The paper, entitled, "SCOPE: Easy and Efficient Parallel Processing of Massive Data Sets," details a new declarative scripting language that is optimized for storing and analyzing massive data sets (like search logs and click streams) that are key to cloud-scale service architectures. SCOPE, or Structure Computations Optimized for Parallel Execution, is the name of the language.
According to the paper -- which Microsoft is on tap to present at the VLDB 2008 conference in late August -- SCOPE doesn't require explicit parallelism, but it will be "amenable to efficient parallel execution" across large clusters. SCOPE is like SQL, but with C# extensions, the paper says.
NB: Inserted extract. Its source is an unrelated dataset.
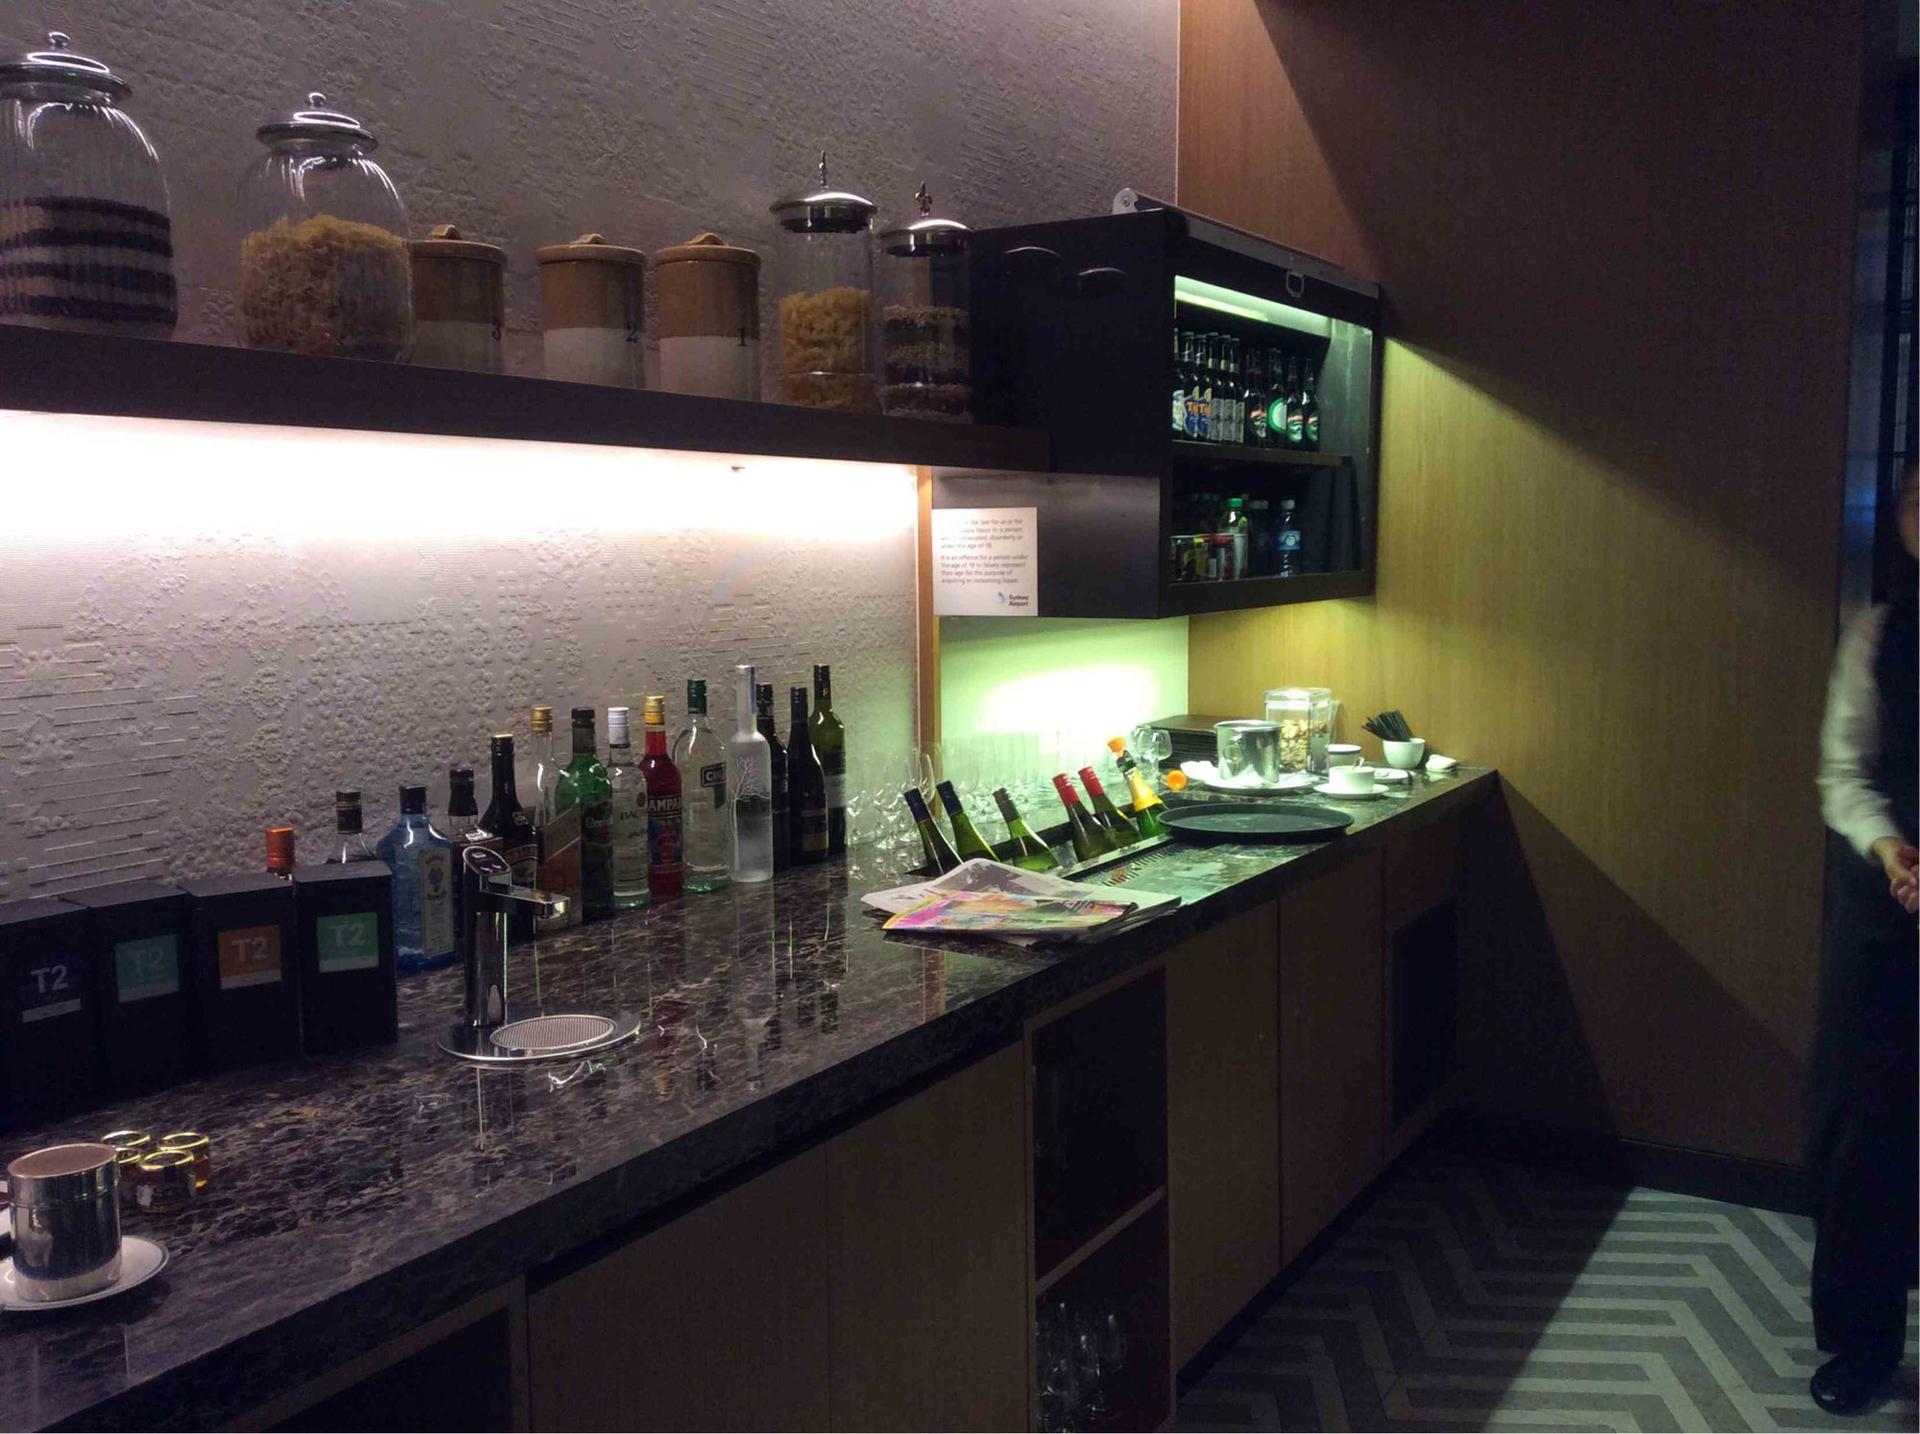 Singapore Airlines SilverKris First Class Lounge image 10 of 17

I found the new whitepaper via a blog link from Greg Linden, an employee of Microsoft's Live Labs. Linden blogged:
"Scope is similar to Yahoo's Pig, which is a higher level language on top of Hadoop, or Google's Sawzall, which is a higher level language on top of MapReduce. But, where Pig focuses on and advocates a more imperative programming style, Scope looks much more like SQL."
Reading through the paper, I noticed an explanation of how SCOPE fits in with Cosmos, Microsoft's back-end storage layer that currently powers Live Search and other Microsoft services. The SCOPE whitepaper sheds more light on what Cosmos is and how it works. From the paper:
"Microsoft has developed a distributed computing platform, called Cosmos, for storing and analyzing massive data sets. Cosmos is designed to run on large clusters consisting of thousands of commodity servers. Disk storage is distributed with each server having one or more direct-attached disks."
(A loosely-coupled aside: I wonder if Pat Helland's decision to move to the SQL team at Microsoft has any connection to all of this. Helland's expertise is in big-picture strategy around transactional and parallel processing, as well as service-oriented architectures.)
Increasingly, all of Microsoft's future strategies and products finally seem to be converging. More teams are thinking about parallel/distributed/multicore computing, with the experimental Windows successor code-named Midori being just the most recent of many examples. More Microsoft products are seemingly being designed with modeling in mind from the get-go.
Maybe Chief Software Architect Ray Ozzie's campaign to break "drive alignment" across the various Microsoft product groups is finally taking root.... Or maybe it's simply that cloud computing, to be truly scalable, must be built to work across increasingly large networks of distributed systems. Or maybe it's a little of both....